─── SOURCE DATA ───

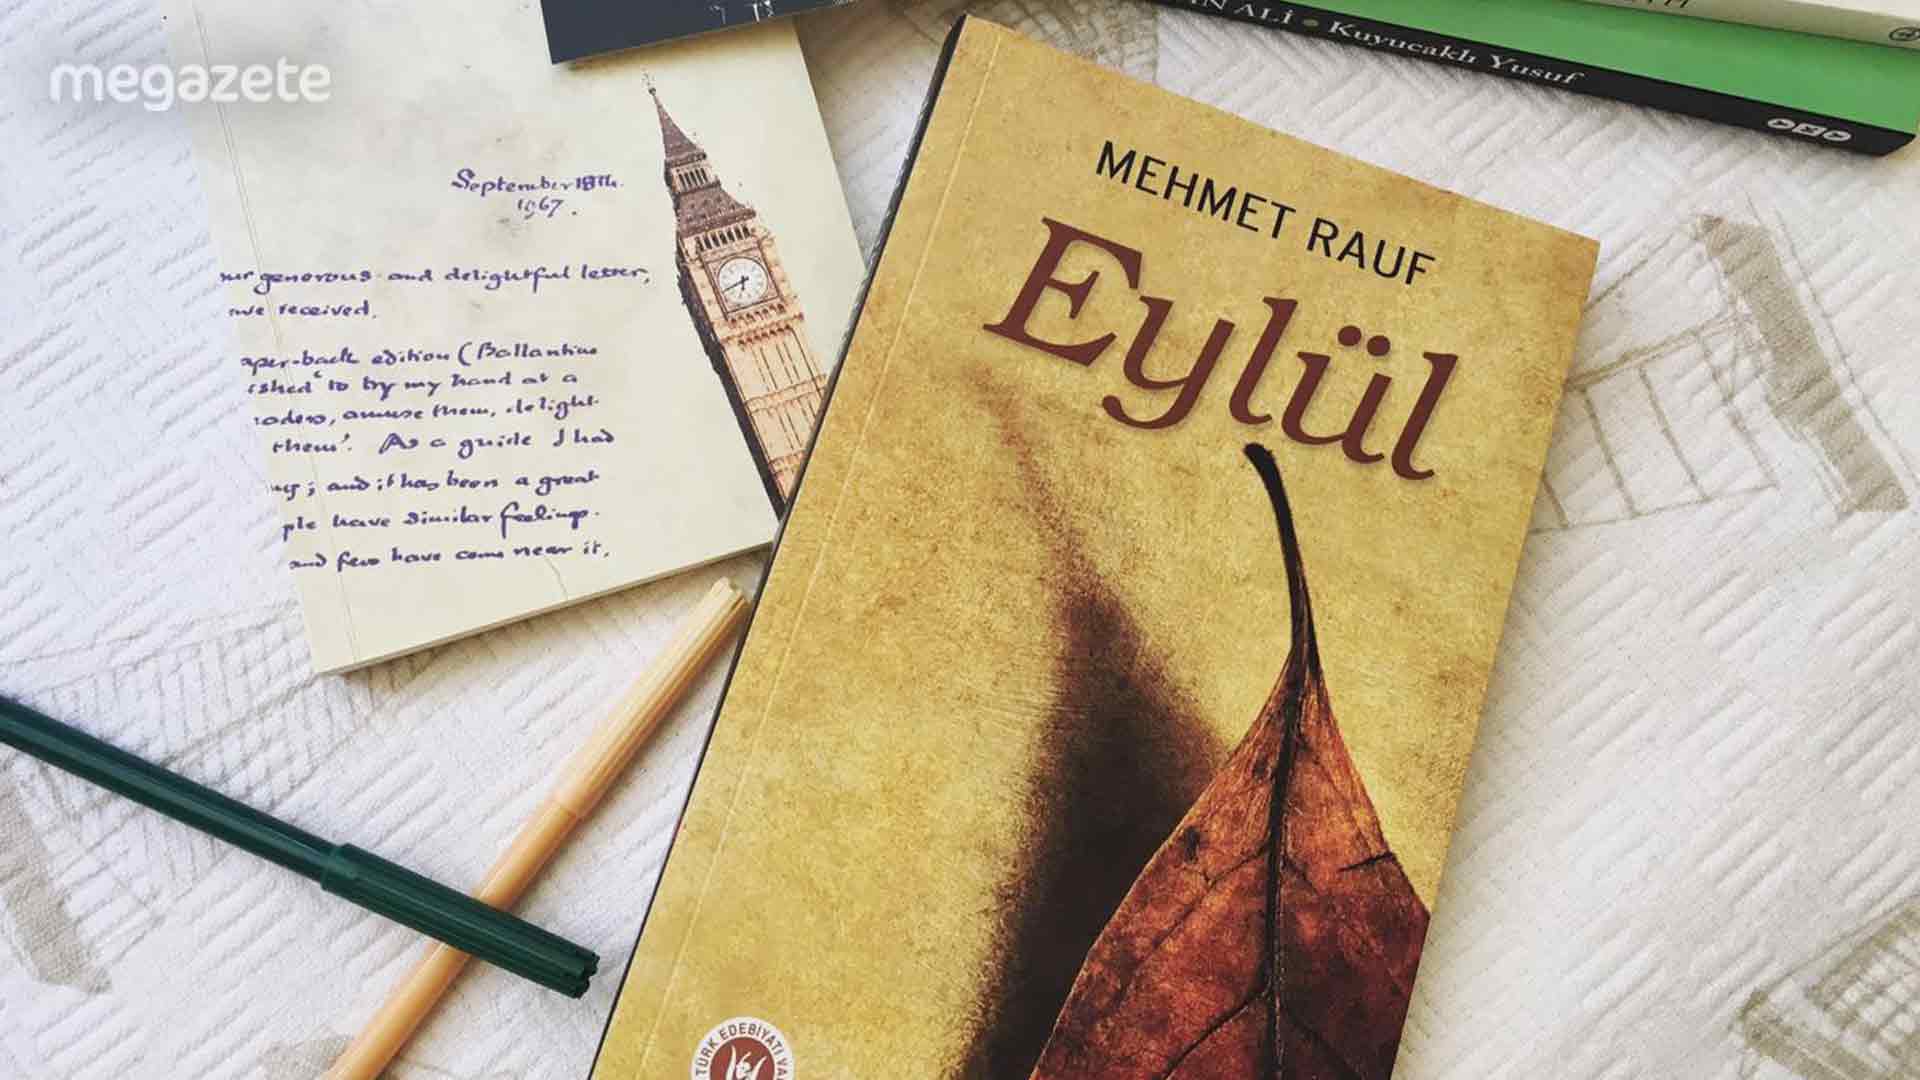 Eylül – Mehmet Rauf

───
─── SOURCE DATA ───

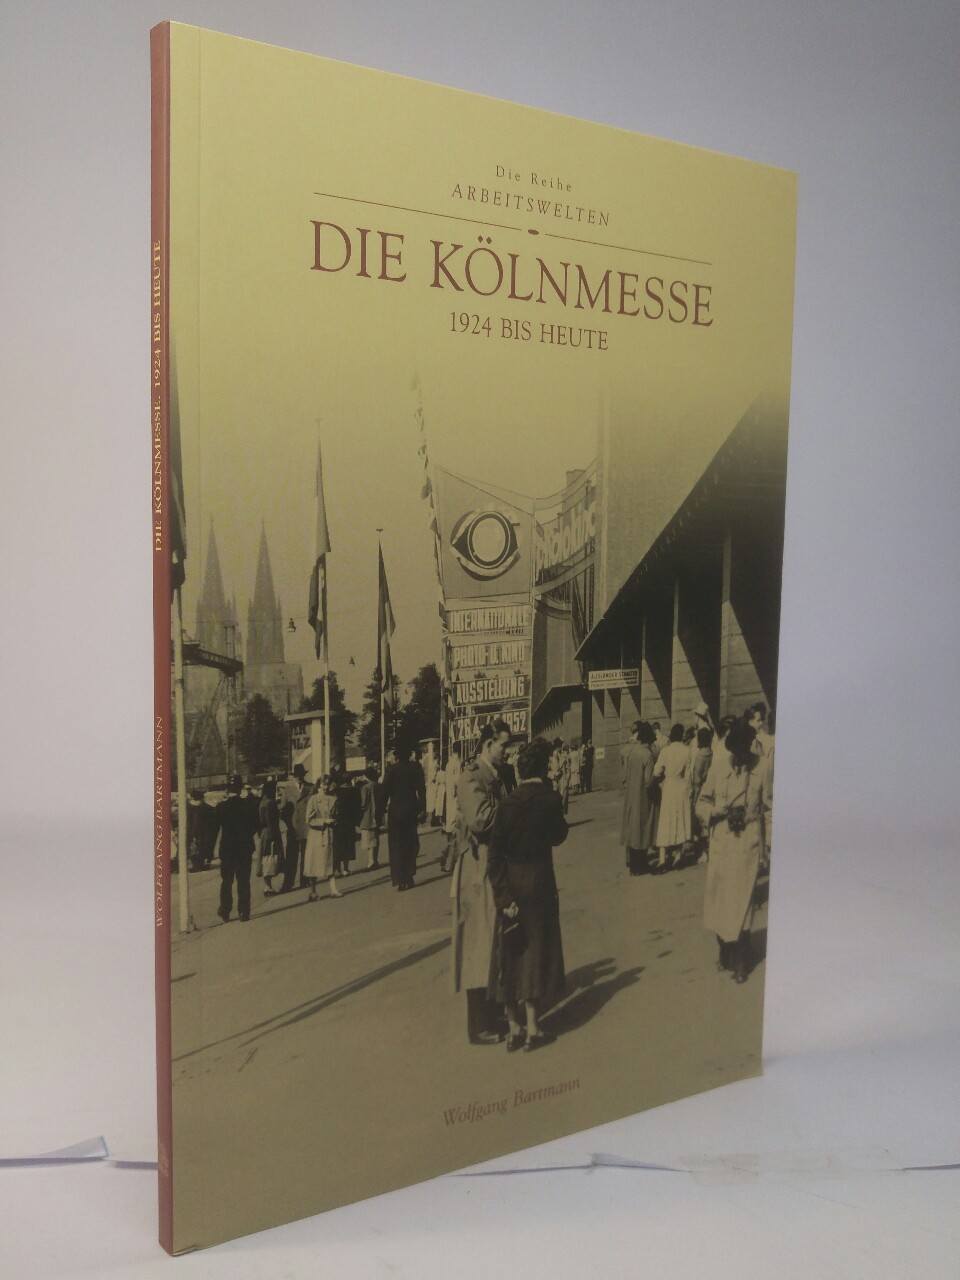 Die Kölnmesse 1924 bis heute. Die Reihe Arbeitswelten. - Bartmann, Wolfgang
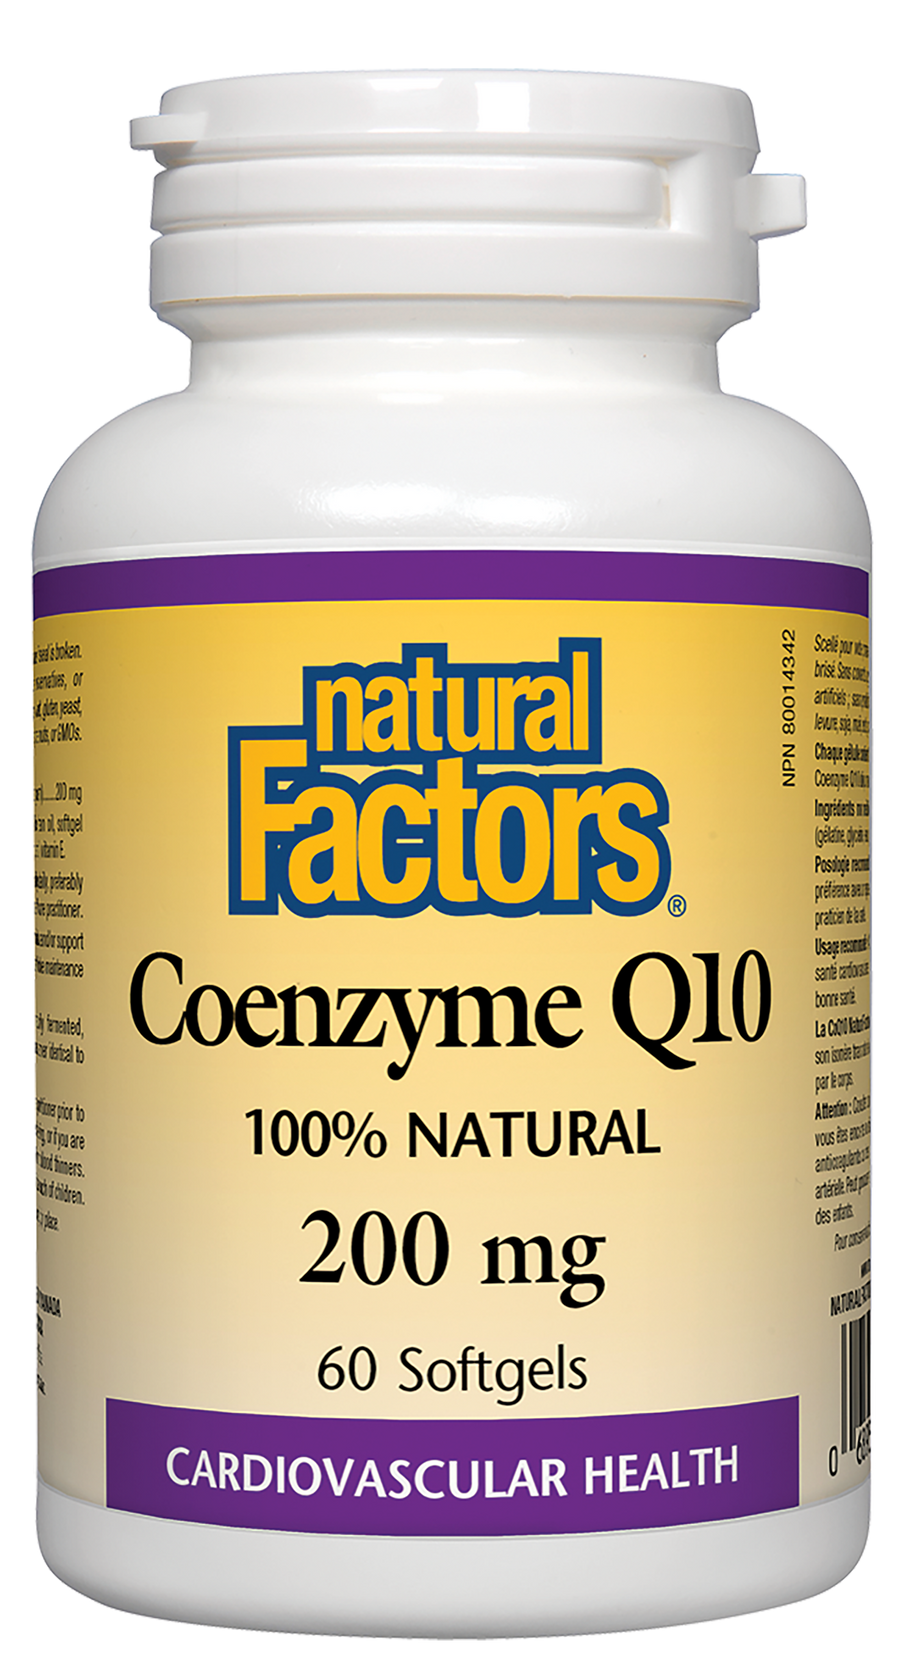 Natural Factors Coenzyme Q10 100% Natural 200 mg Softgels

───

▸ ABOUT THIS EXERCISE: Copy word for word the lines of the records above from the one with "Die Kölnmesse 1924" up to and including the one with "Natural Factors Coenzyme". Skip the pictures.

▸ EXERCISE SOLUTION:
 Die Kölnmesse 1924 bis heute. Die Reihe Arbeitswelten. - Bartmann, Wolfgang
 Natural Factors Coenzyme Q10 100% Natural 200 mg Softgels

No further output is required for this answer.